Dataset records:
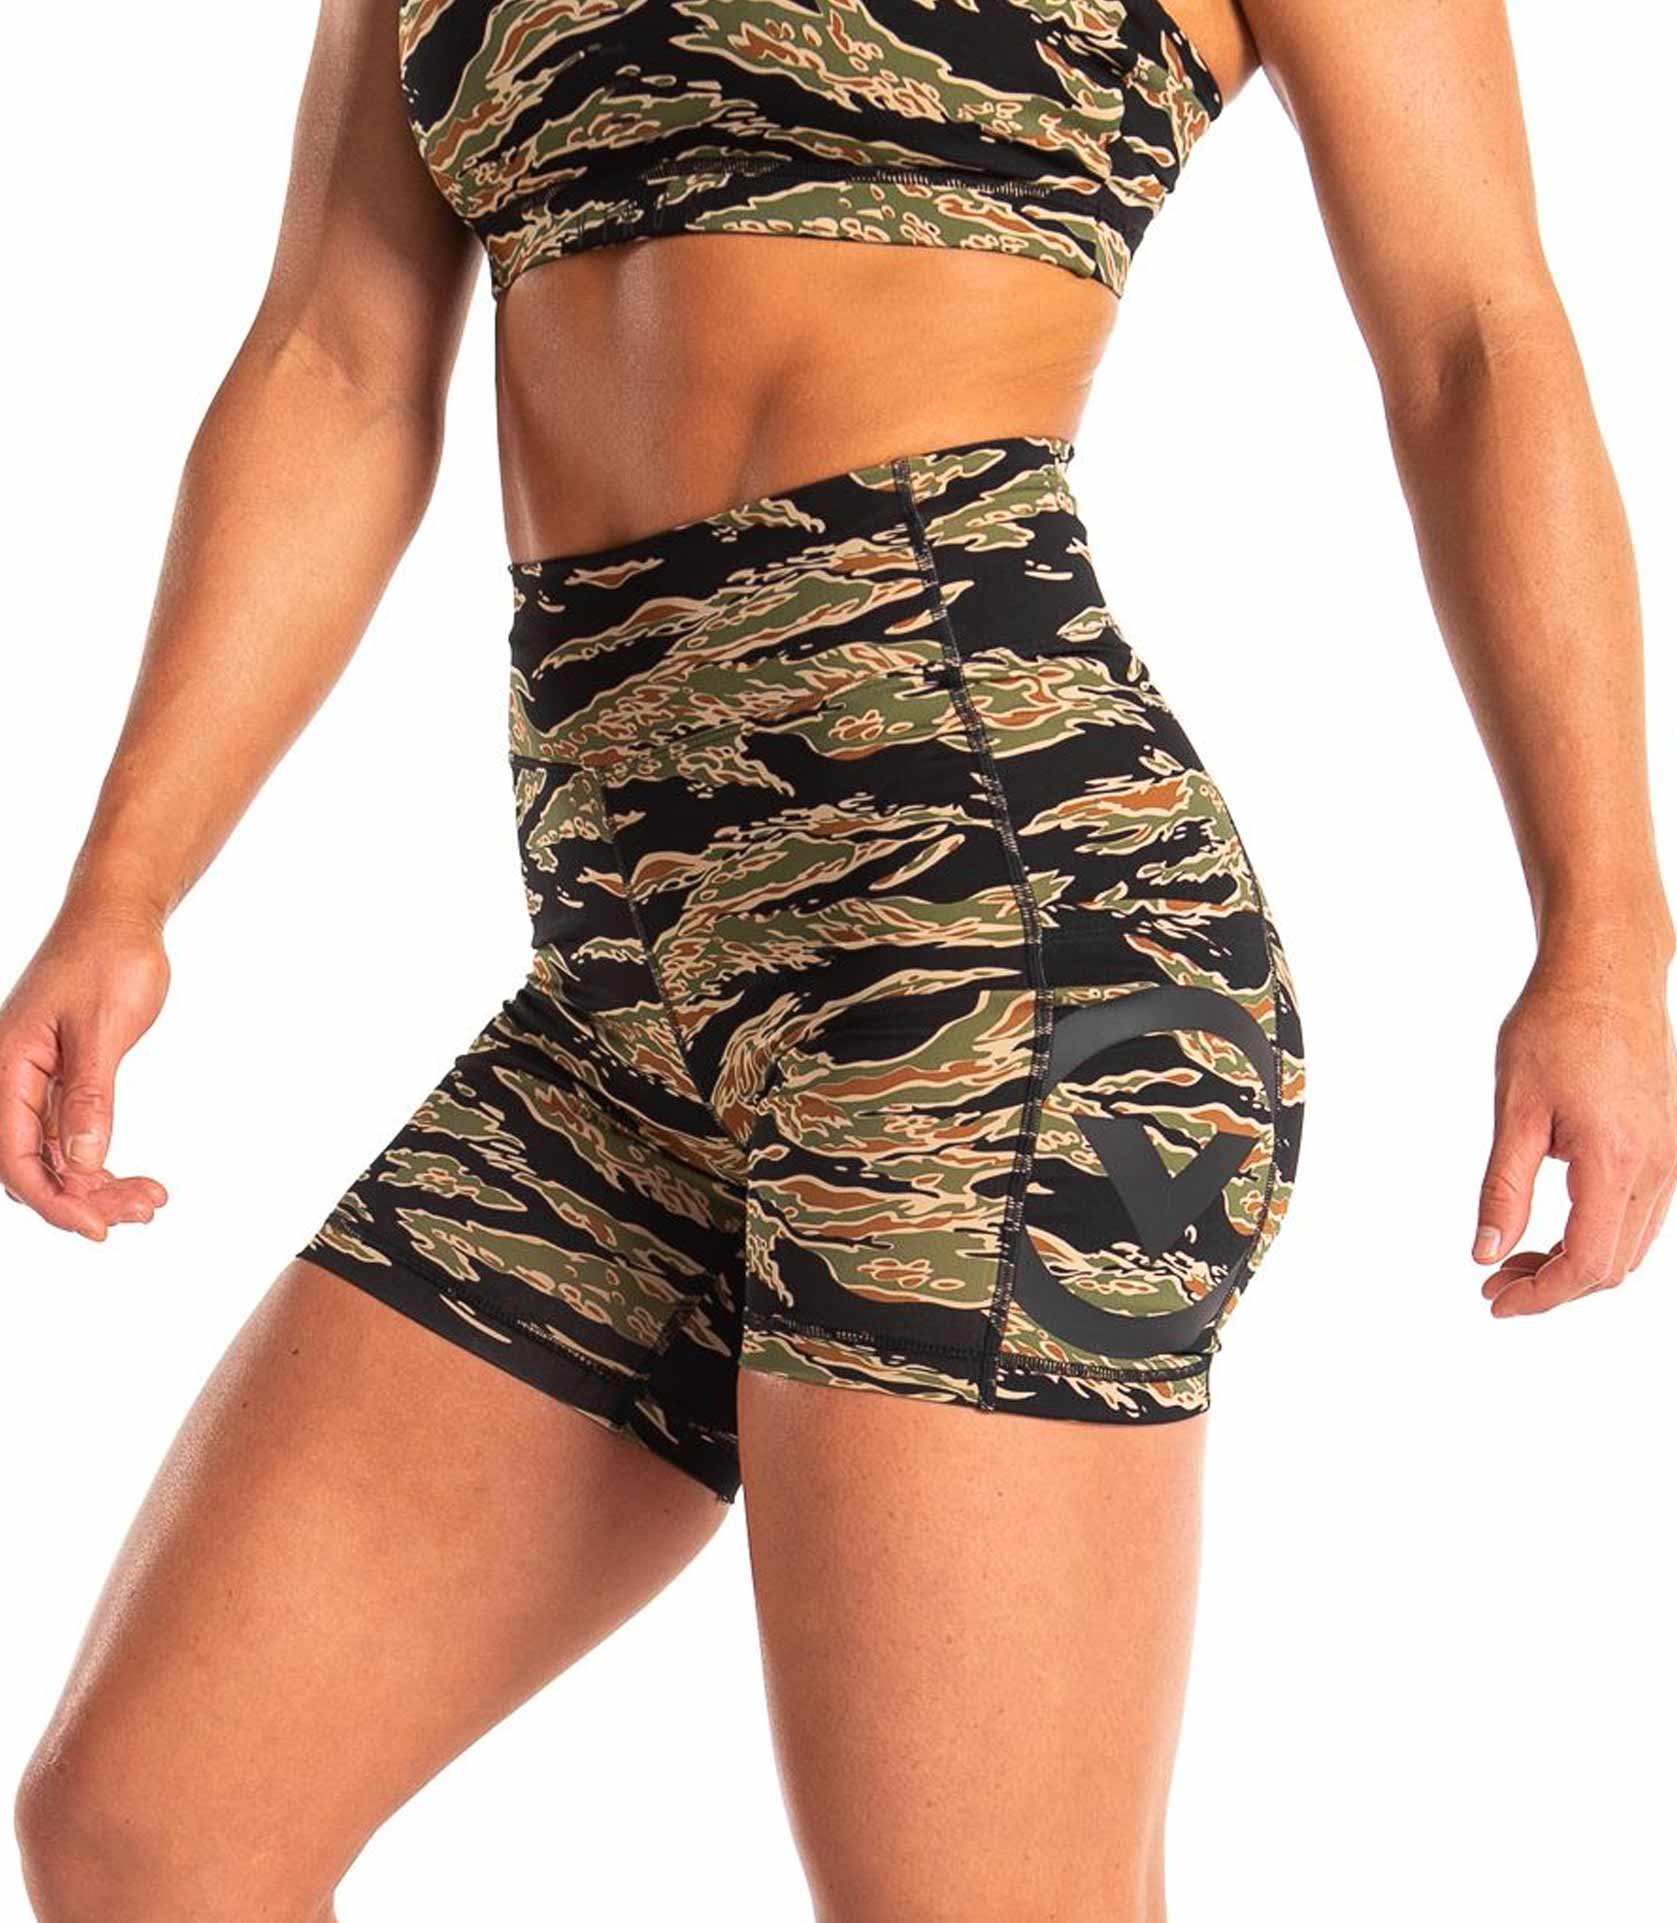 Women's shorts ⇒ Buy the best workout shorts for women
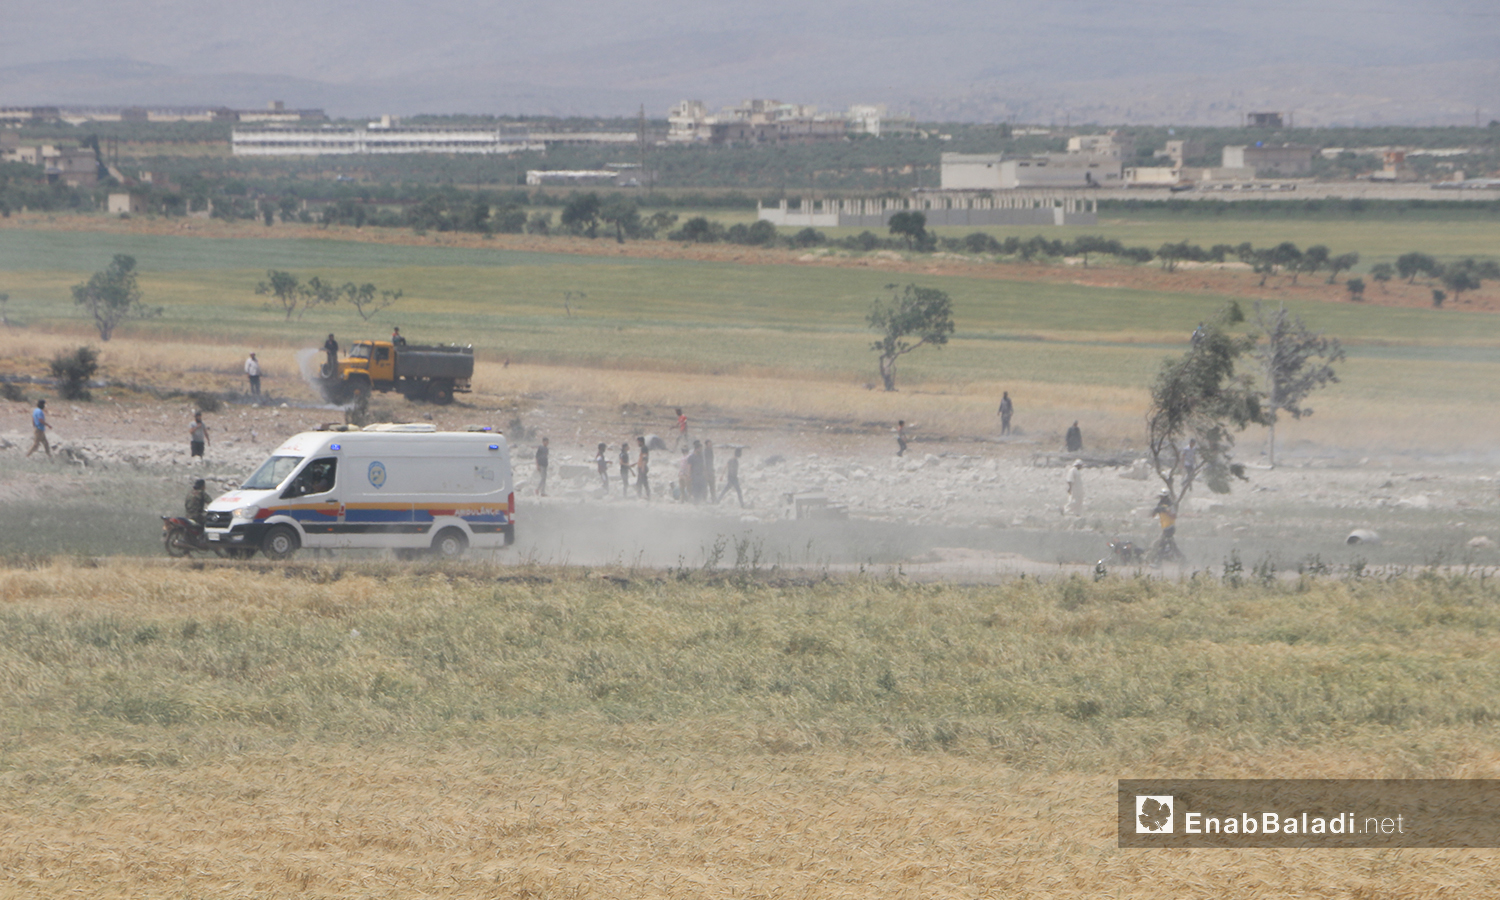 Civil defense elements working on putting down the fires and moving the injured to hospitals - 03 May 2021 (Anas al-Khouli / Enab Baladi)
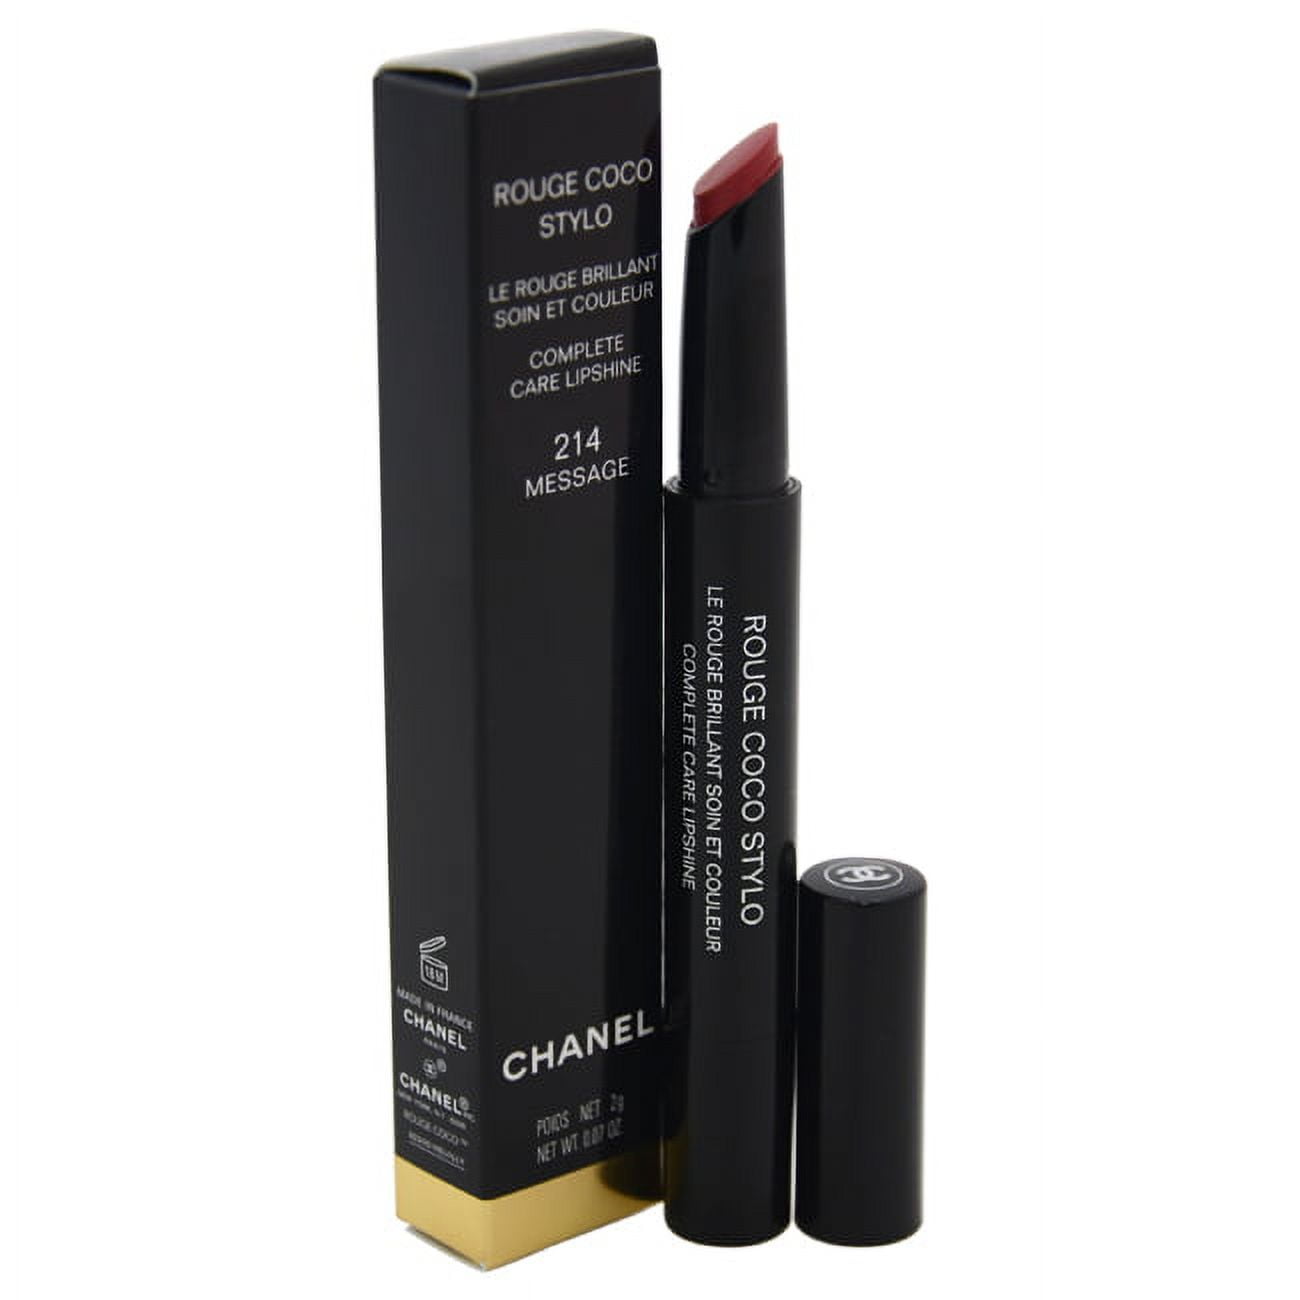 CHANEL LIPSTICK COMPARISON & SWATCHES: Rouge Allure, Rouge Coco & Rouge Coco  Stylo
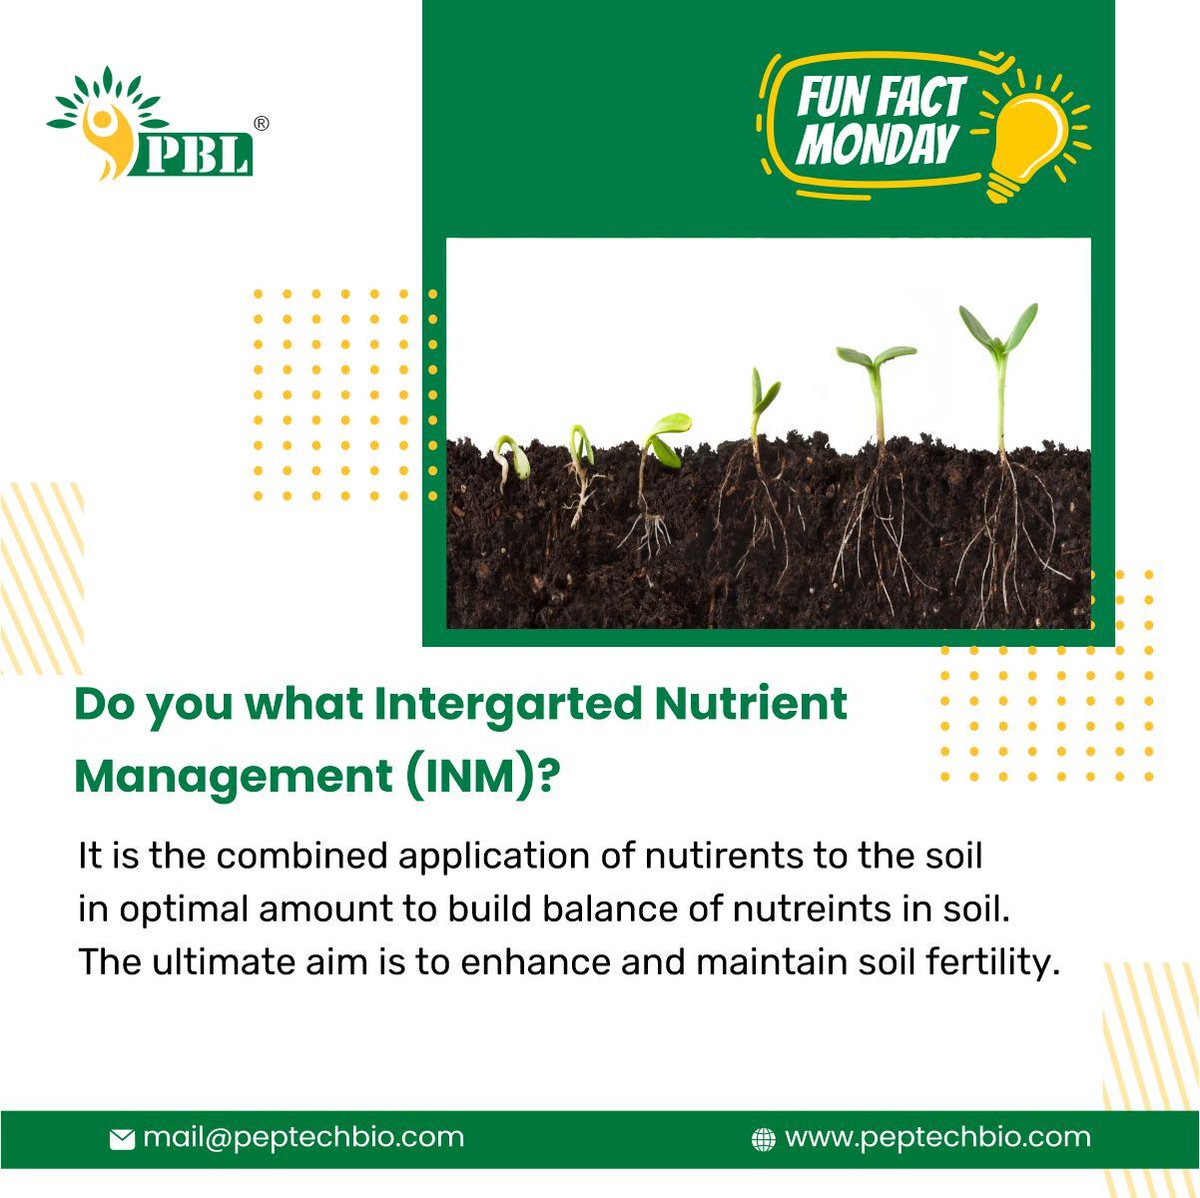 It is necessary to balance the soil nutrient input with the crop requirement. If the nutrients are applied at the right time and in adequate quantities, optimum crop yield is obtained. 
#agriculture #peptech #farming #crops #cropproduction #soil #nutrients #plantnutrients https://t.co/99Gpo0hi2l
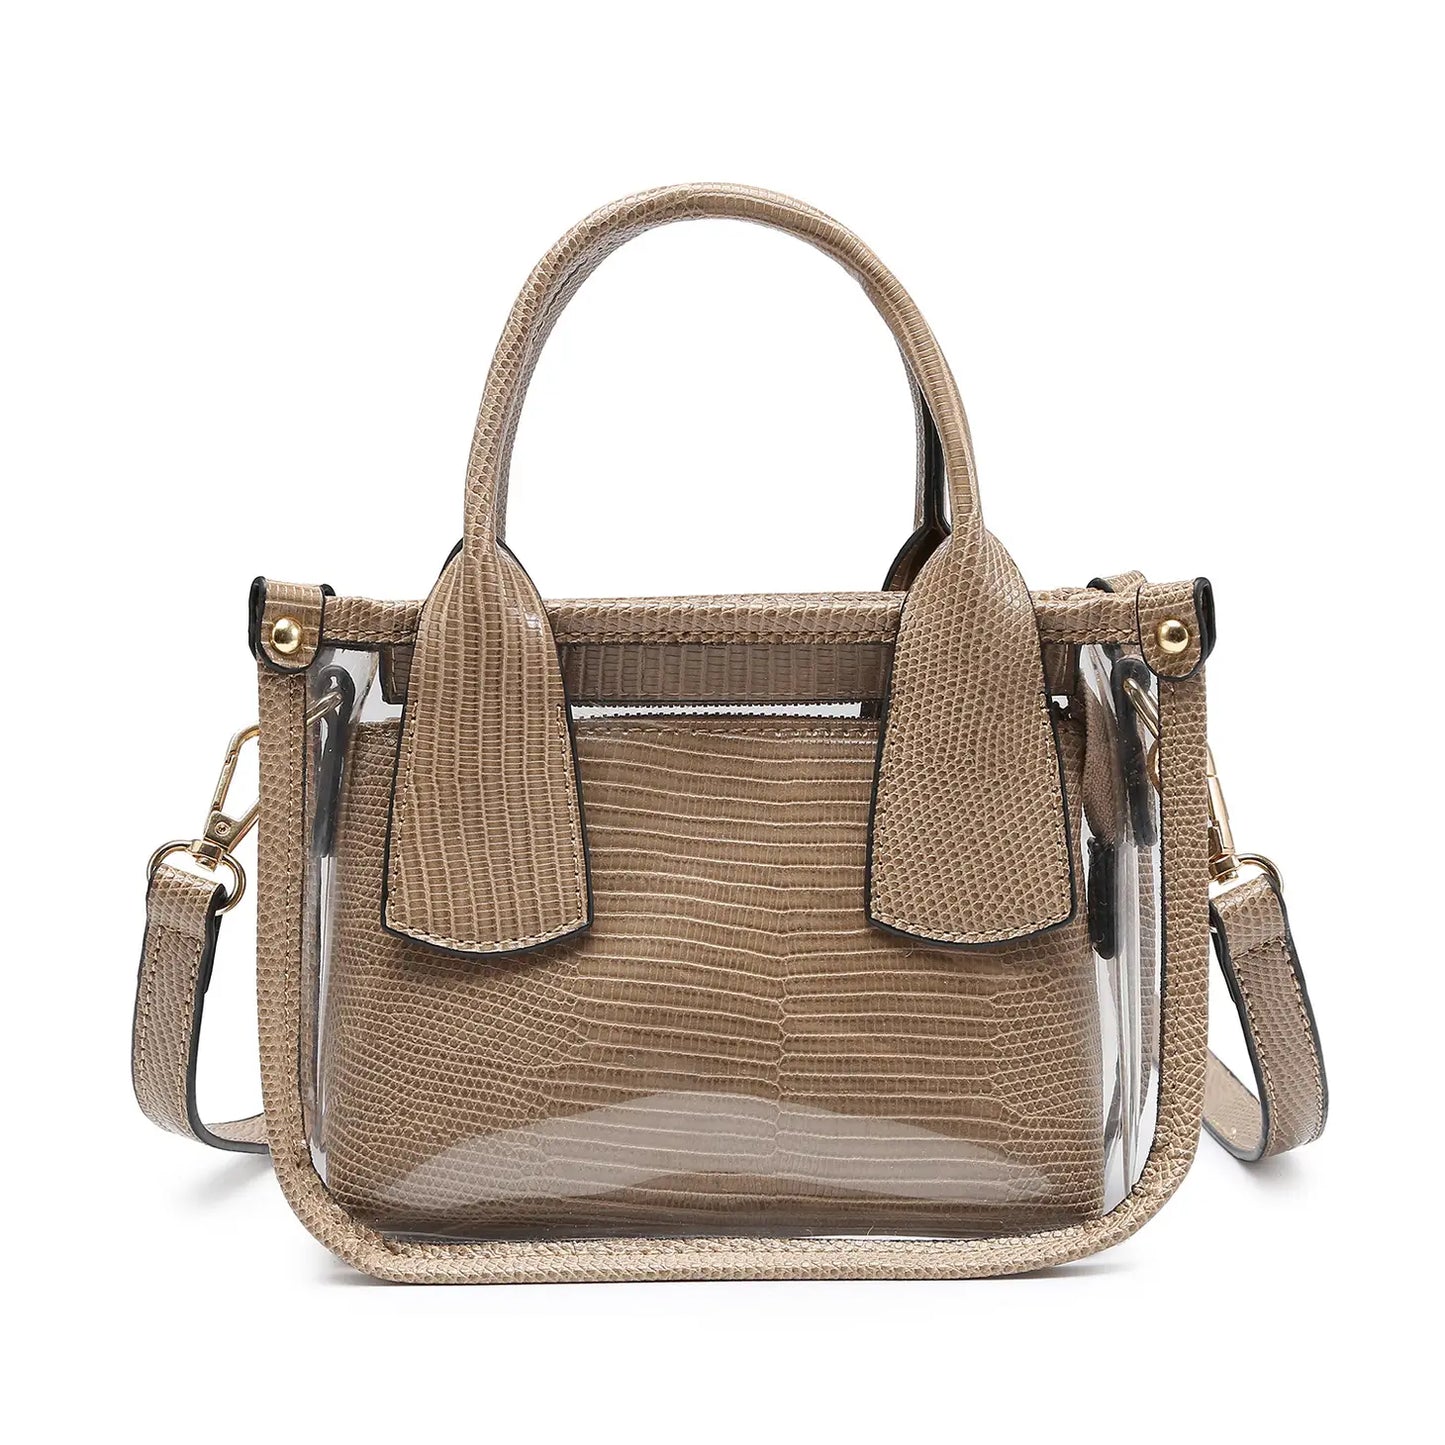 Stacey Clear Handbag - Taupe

* [ACTIVITY]: Skip every image and output the remaining records exactly.

* [SOLUTION]:
 Women's shorts ⇒ Buy the best workout shorts for women
 Civil defense elements working on putting down the fires and moving the injured to hospitals - 03 May 2021 (Anas al-Khouli / Enab Baladi)
 CHANEL LIPSTICK COMPARISON & SWATCHES: Rouge Allure, Rouge Coco & Rouge Coco  Stylo
 It is necessary to balance the soil nutrient input with the crop requirement. If the nutrients are applied at the right time and in adequate quantities, optimum crop yield is obtained. 
#agriculture #peptech #farming #crops #cropproduction #soil #nutrients #plantnutrients https://t.co/99Gpo0hi2l
 Stacey Clear Handbag - Taupe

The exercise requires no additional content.